(Requirement): I'd like every line from the material below that has "Sweater" in it.

(Extracted information):

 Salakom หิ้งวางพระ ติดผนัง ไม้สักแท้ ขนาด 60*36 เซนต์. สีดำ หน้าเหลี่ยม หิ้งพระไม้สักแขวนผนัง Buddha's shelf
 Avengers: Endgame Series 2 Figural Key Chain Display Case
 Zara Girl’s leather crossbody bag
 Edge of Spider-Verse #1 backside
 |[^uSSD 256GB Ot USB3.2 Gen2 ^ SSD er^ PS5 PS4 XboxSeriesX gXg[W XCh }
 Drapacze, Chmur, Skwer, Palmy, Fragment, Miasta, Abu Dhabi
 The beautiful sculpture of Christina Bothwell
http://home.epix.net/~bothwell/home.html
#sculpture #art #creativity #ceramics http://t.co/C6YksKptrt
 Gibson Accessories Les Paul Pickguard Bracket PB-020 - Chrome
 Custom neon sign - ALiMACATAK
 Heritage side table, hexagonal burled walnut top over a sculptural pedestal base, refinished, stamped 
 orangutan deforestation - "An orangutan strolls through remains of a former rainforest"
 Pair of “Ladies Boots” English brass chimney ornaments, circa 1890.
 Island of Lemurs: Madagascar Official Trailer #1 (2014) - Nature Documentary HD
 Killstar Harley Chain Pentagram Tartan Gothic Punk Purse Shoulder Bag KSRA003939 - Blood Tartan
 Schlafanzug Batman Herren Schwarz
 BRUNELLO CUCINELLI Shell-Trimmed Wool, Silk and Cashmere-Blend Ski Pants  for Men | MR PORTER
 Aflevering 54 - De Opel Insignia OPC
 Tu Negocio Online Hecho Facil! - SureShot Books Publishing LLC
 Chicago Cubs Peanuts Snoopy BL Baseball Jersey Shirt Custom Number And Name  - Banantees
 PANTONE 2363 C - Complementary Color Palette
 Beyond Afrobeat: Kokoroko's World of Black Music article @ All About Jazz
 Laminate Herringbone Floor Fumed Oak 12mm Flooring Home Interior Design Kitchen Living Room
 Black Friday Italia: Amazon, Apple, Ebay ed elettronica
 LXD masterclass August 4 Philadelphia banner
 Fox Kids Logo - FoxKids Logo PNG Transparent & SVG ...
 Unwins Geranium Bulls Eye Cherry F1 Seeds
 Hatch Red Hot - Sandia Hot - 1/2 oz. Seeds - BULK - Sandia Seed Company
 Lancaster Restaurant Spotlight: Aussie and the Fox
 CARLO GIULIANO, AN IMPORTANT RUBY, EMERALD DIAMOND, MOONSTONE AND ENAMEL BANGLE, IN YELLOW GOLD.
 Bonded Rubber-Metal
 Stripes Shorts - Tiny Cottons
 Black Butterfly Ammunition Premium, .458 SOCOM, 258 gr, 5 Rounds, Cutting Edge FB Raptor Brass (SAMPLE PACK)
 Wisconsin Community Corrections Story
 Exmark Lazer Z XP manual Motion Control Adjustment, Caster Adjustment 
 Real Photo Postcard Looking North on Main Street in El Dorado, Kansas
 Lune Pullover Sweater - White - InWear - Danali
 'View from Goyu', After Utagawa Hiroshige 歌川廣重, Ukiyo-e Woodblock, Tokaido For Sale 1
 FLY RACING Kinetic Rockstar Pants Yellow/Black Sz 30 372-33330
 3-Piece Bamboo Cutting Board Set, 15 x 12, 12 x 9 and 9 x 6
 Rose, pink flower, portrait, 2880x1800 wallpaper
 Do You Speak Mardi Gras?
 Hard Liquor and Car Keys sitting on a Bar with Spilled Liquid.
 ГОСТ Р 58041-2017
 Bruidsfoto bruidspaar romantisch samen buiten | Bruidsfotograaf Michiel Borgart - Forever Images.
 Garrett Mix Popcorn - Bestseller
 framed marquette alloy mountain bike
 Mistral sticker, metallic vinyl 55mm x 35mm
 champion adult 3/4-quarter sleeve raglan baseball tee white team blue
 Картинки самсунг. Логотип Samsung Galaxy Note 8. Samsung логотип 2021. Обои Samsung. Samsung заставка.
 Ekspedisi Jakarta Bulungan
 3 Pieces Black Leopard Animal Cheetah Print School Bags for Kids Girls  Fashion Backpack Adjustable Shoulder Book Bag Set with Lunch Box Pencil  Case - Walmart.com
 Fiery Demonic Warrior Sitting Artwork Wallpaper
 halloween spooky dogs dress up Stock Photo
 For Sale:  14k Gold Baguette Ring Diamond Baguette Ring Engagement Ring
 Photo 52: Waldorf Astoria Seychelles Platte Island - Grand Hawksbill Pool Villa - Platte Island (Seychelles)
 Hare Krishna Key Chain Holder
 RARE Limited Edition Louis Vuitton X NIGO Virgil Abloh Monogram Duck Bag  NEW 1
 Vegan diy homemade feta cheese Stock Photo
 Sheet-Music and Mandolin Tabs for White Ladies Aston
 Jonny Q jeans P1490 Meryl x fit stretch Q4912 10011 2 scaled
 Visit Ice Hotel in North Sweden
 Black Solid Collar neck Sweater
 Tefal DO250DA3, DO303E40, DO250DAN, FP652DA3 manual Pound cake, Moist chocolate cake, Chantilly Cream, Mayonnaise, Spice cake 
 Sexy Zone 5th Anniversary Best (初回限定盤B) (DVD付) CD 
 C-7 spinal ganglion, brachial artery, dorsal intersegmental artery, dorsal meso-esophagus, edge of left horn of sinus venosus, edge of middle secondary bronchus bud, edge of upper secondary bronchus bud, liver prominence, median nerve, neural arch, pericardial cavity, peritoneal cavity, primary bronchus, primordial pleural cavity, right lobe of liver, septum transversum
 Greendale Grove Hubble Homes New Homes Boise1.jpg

(Written reply):
 Lune Pullover Sweater - White - InWear - Danali
 Black Solid Collar neck Sweater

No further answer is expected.